- Born: 27 May 1913 Budapest, Kingdom of Hungary, Austria-Hungary
- Died: 18 August 1976 (aged 63) Zagreb, SR Croatia, SFR Yugoslavia
- Resting place: Mirogoj cemetery, Zagreb, Croatia
- Education: University of BelgradeUniversity of Zagreb
- Occupations: Writer, journalist, translator
- Spouse: Stella Čolaković ​ ​(m. 1947, posthumous year 1988)​
- Children: Esad Čolaković (1970-) Zlatan Čolaković (1955-2008)
- Writing career
- Language: Serbo-Croatian, German and Hungarian
- Period: Postmodern
- Genres: Poetry, novels
- Notable work: The Legend of Ali Pasha
- Notable awards: Matica hrvatska (1943)
- Website: www.envercolakovic.com

= Enver Čolaković =

Bosnian, writer (1913-1976)

Enver Čolaković (27 May 1913 – 18 August 1976) was a Bosnian, Croatian and Hungarian writer, journalist and translator, best known for his 1944 novel The Legend of Ali Pasha.
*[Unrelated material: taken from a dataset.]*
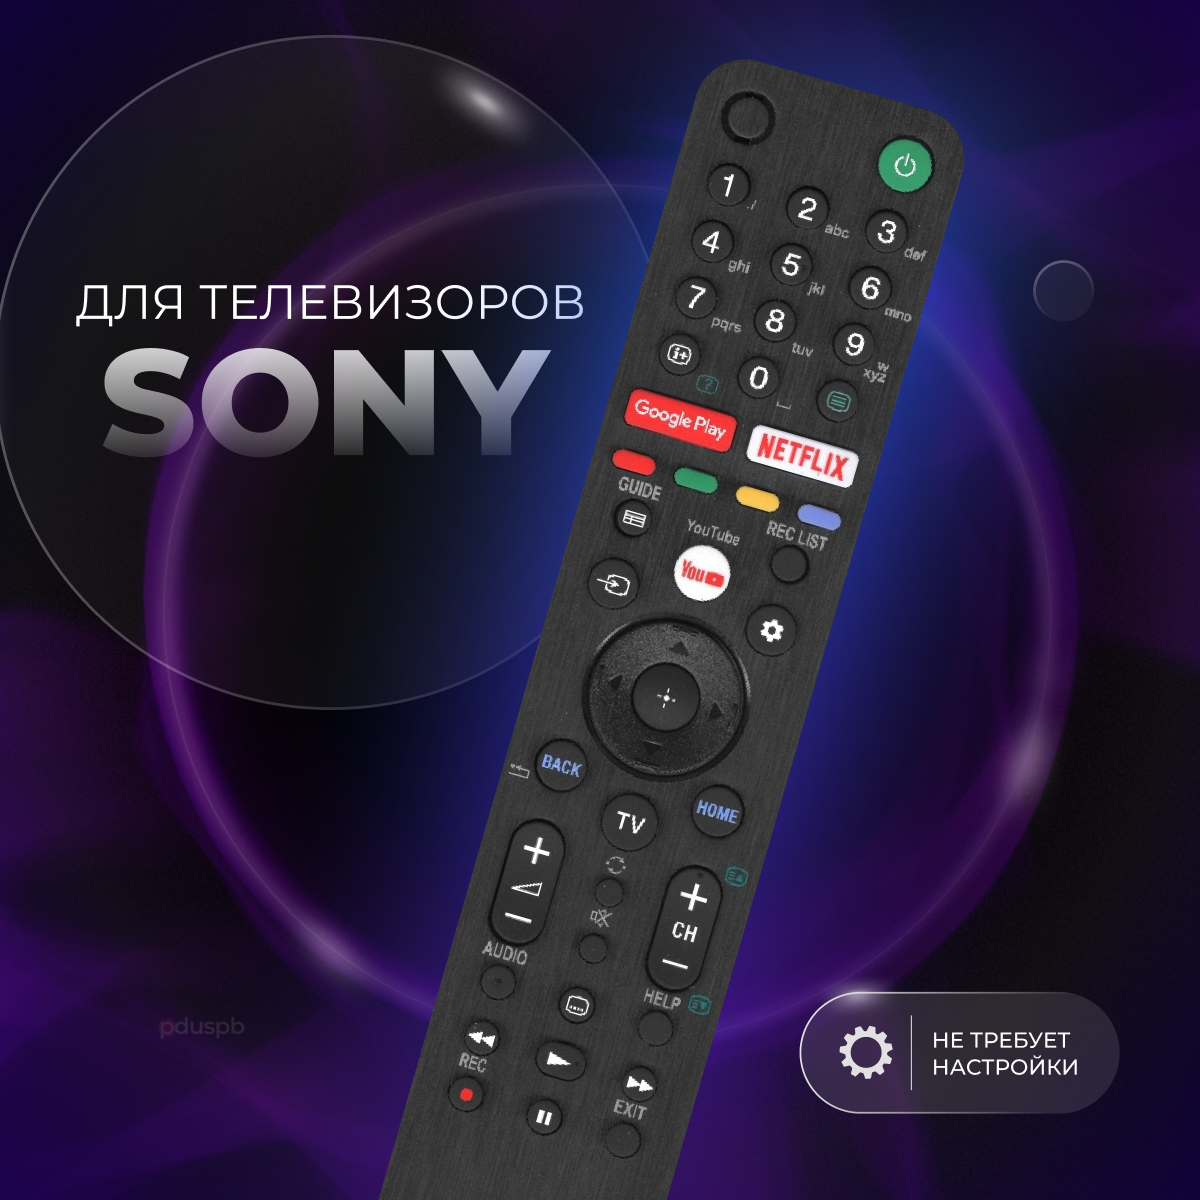 Универсальный пульт ду для телевизора Sony Smart Tv / RM-L1675 / Смарт Тв Netflix, YouTube, Google Play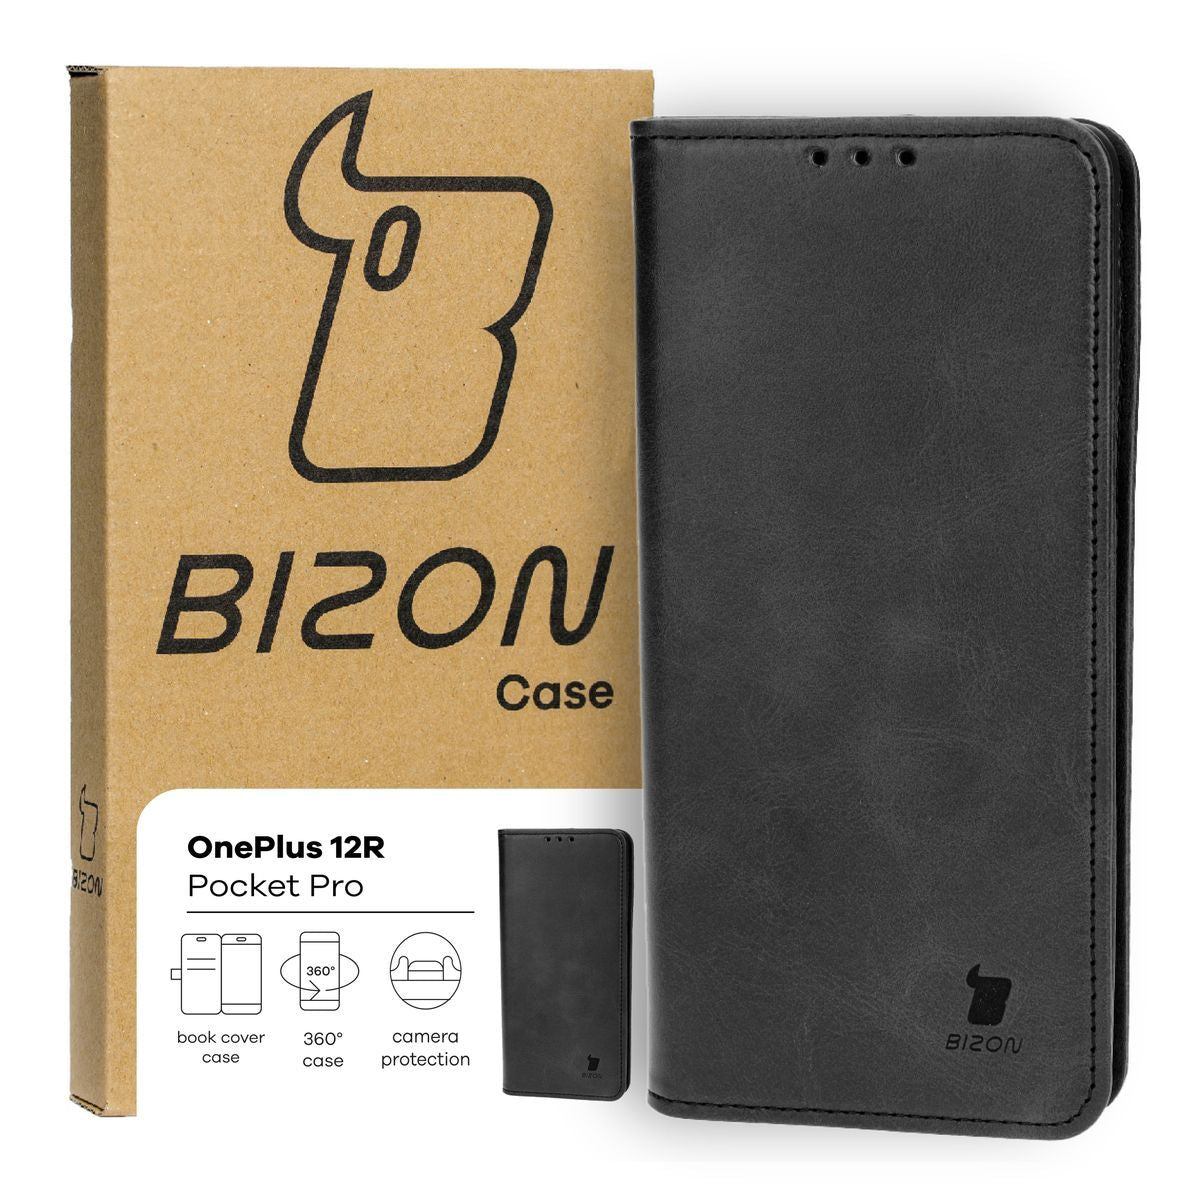 Schutzhülle für OnePlus 12R, Bizon Case Pocket Pro, Schwarz

During the later stages of World War II, he served as a cultural attaché to the Independent State of Croatia embassy in Budapest. After the war, he spent the rest of his life in Zagreb, where he published several literary translations from Hungarian and German.

==Biography==

Enver Čolaković in his youth.

Born in Budapest in 1913 to Bosnian Muslim father Vejsil-beg Čolaković and Hungarian mother Ilona (Fatima-Zehra) (née Mednyánszki), Čolaković spent his childhood traveling around the region, and after World War I he settled in Sarajevo. He studied physics and mathematics in Budapest and history in Zagreb. Between 1931 and 1939, Čolaković wrote in the Hungarian and German languages. Between 1939 and 1941, his works were published by a number of magazines based in Sarajevo and Zagreb, such as Osvit (Dawn), Hrvatski misao (The Croatian Thought), Hrvatski narod (The Croatian People), Hrvatsko kolo (The Croatian Circuit) and Novi behar (The New Blossom). Čolaković also wrote a series of essays and reviews in which he advocated rights for Bosnian Muslims. His comedy Moja žena krpi čarape was performed at the Sarajevo National Theatre in 1943 and later at the Banja Luka Theatre in 1944.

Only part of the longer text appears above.